A Story In Parts: The Saga of Coming Out

Editor’s note: This article was initially published in The Daily Gazette, Swarthmore’s online, daily newspaper founded in Fall 1996. As of Fall 2018, the DG has merged with The Phoenix. See the about page to read more about the DG.

In order to support Coming Out Week, the Gazette hopes to publish the coming out stories of queer students and their allies all week. We’re still looking for more, so please consider sending yours in: we’re happy to publish anonymously if you so desire.

I’ve always thought that associating the image of coming out of a closet with telling people about one’s sexuality is a pretty crappy practice. Exiting a closet, like being punched in the stomach, is something clear, immediate, and palpable; one second you’re in, the next you’re out. “Coming out,” at least in my experience, is nothing like that. It’s a gradual, occasionally painful, sometimes uncontrollable, and consistently uncomfortable process. My personal, slightly convoluted story is best told divided into two (and a half) separate phases:

Phase 1 — The Tacit Coming Out, or: “How the hell does the entire school already know?”

Some time during ninth grade, I mentally put the pieces together: not interested in girls plus attracted to guys equals Yoel is gay. I started off slowly, telling only my closest of friends, gradually expanding the circle of people “in the know” while keeping the process under my careful control. Everything was going according to my Master Coming-Out Plan, until one day, I started getting peppered at school with questions along the lines of: “Is it true you’re gay?” or, “Guess what I just heard!” or, “Want to go shopping?” Spreading like wildfire through Atlantic High School’s many gossip channels was the news of my sexuality. There was no telling who breached the tacit confidentiality agreement. There was no containing it. Without my consent, I had more or less been shoved out of the closet.

Except at home.

At home, I (inadvertently) gave my parents hints of my sexuality without taking the apocalyptic leap of telling them. In retrospect, none of them were particularly subtle: designer denim; a rainbow pin on my backpack; coming home from an outing with a male “friend” with a massive hickey on my neck; campy pop music. The hickey ended up being what broke my mother’s wall of silence, with her posing the outraged question, “Yoel, are you gay?”

I froze.
I lied.

I wore a turtleneck and used concealer. The hickey went away. The suspicious glances stopped. I hid my relationships. Phase 1, the Cold War of coming out, continued mostly undisturbed for four years.

Phase 2 — The Dam Bursts, or: “How to get your parents to stop calling for a week.”

I arrived at Swarthmore in September, and in the bustle of orientation and beginning classes, I found it increasingly easy to ignore the promise I made to myself to tell my parents. Maybe it was all the homework, or the alignment of the stars, or some particularly unsettling food from Sharples, but one Friday afternoon a few weeks after the start of classes this semester, I slammed out an e-mail to my parents starting with the following line:

“In the effort of moving towards a more trusting relationship between us, I’m going to tell you something I ought to have told you years ago, if only I had the strength of character to do so: I’m gay.”

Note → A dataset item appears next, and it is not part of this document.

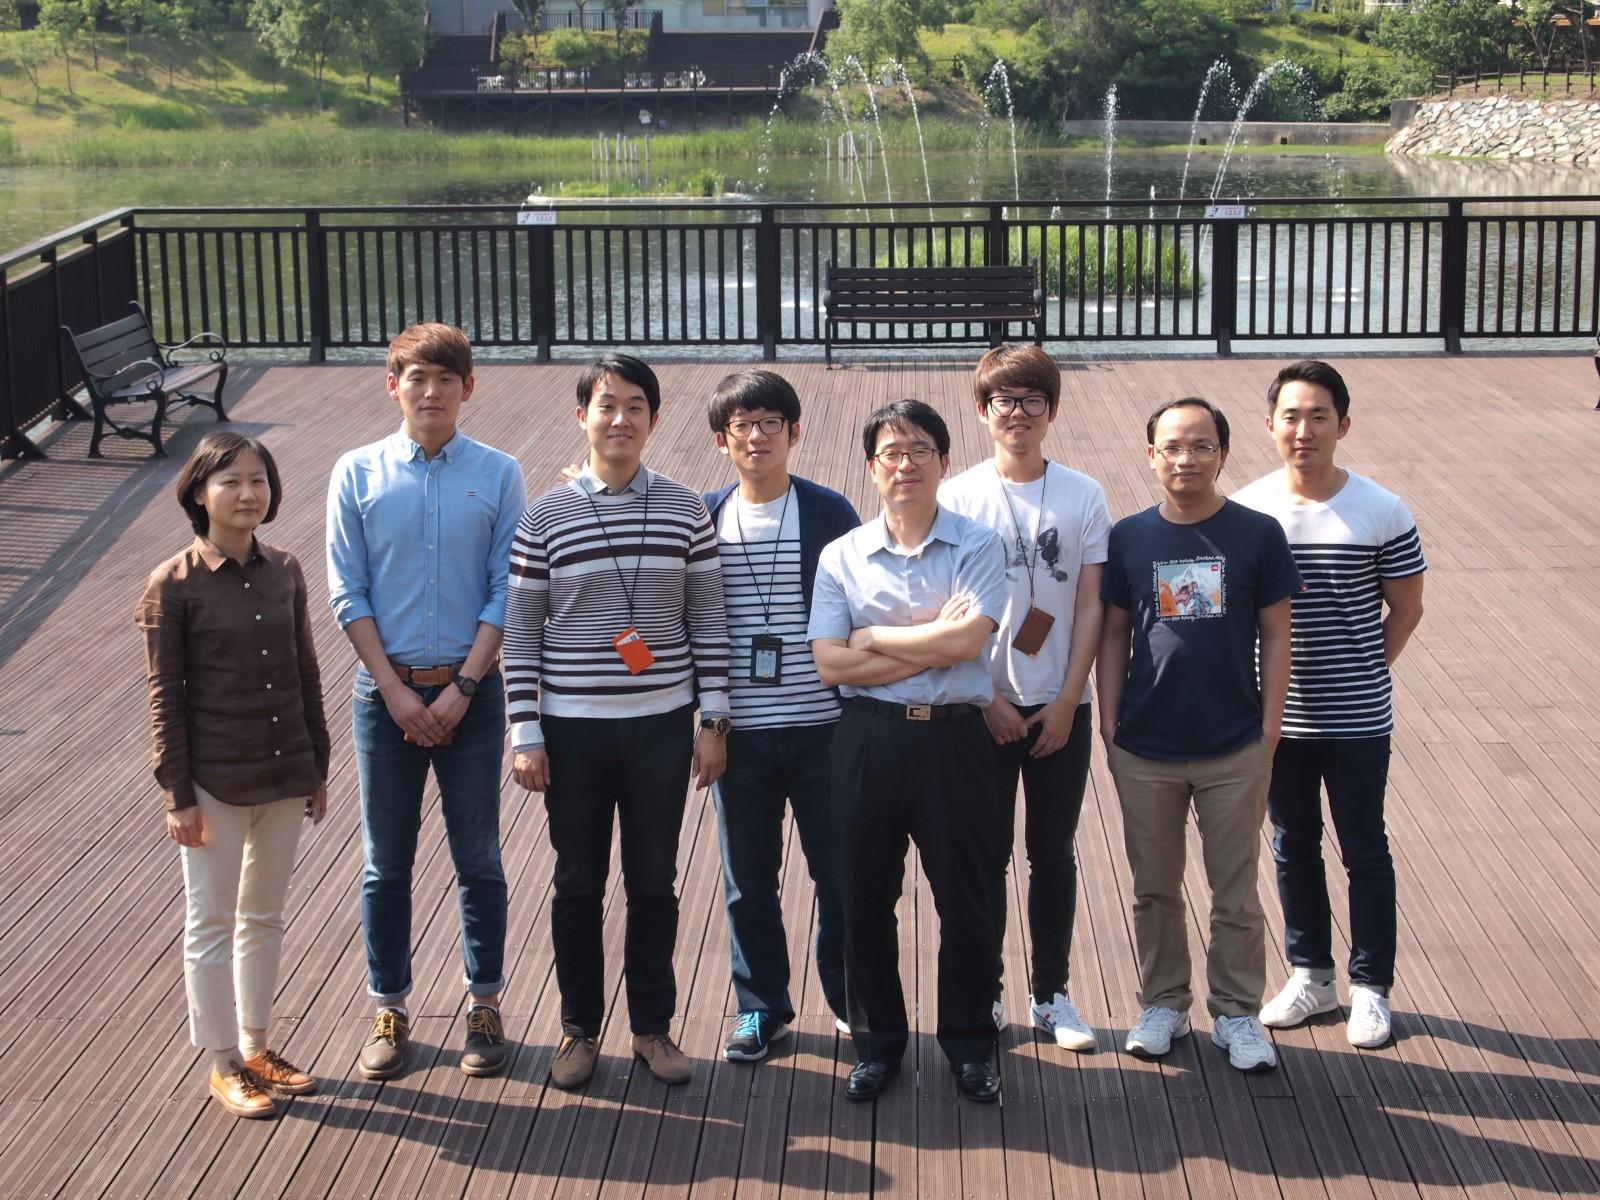 Combustion propulsion lab unist for Kosco fuel

My head spinning, scarcely considering the consequences, I clicked “send,” turned off my computer and cell phone, and took the train to Philadelphia for the evening. By the time I returned to campus, my parents had had time to read the e-mail (as an agitated note from my sister informed me), and were, in their words “processing.” Processing, it turns out, takes exactly one week to run its course, a week during which my (ordinarily very in-contact) family in Florida was to remain incommunicado.

Phase 2.5 — Ongoing, or: “The first rule of having a gay son is, you don’t talk about having a gay son.”

As I write this, I’m nearing the end of my first visit in Florida since coming out. Not knowing what to expect, I boarded the plane to Fort Lauderdale with more than a little trepidation; would things be completely awkward? It turns out, no, they’re not. My parents, kind liberal people that they are, seem to have reached an equilibrium where they can accept my homosexuality, so long as no one mentions it. By their logic, being gay isn’t bad, per se, but if you want to keep the peace, discussing it is completely taboo.

And at least for the moment, that’s all I really could have hoped for.